Is the purging over?
“Hard to tell from one week,” says Citigroup (C) U.S. equity czar Tobias Levkovich. “Need to see a few more data points, but stocks have been beating bonds for about four years, so it’s about time that individual investors recognized it.”
You know what they say about Mom & Pop’s penchant for buying high and selling low. Of course, it would be unfair to discount that a good part of this behavior comes out of end-meeting necessity. With joblessness so high and household finances still hung over from the subprime credit binge, more than one in four U.S. workers with 401(k) and other retirement accounts now tap them for expenses, future retirement complications be damned.
A broad re-espousal of equities must overcome other challenges. “The journey to the Great Rotation is unlikely to be smooth,” writes Merrill Lynch’s (BAC) Michael Hartnett. “In our view, the probability of a major correction in risk markets in the first half is rising particularly because investor sentiment has simply leapt higher in recent weeks.” He says a rapid rise in interest rates or nations devaluing their currencies to stoke growth could incite a selloff.
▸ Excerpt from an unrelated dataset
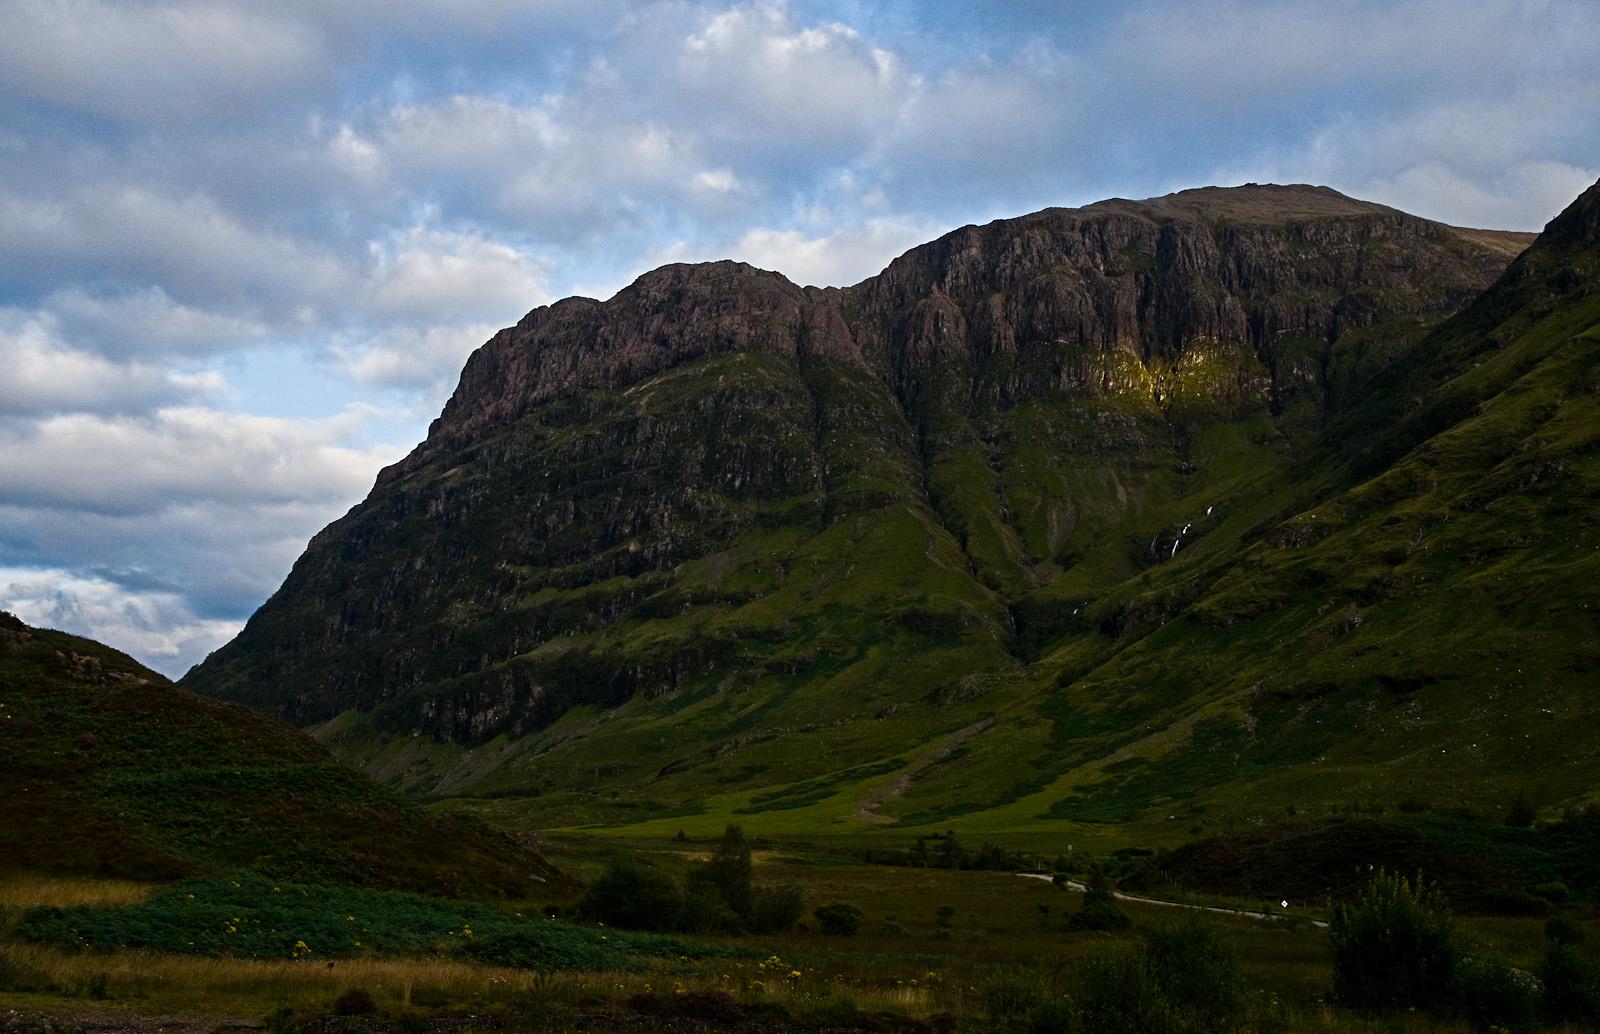 Schottland LIV - Glen Coe

So what to make of all that restive cash poured into shares to start the year? Yes, a few days of data does not a trend make. But if investors are maybe dipping their toes back in now, you have to wonder how much they will bolt (shouting “Told you so!”) if there is a correction, the likes of which the market has not experienced since 2011.
The most recent precedent is disheartening. The record for equity fund inflows globally was the penultimate week of September 2007, when investors committed $23 billion. In a show of tragic timing, the market then briefly visited an all-time high, just before posting its worst year in modern history.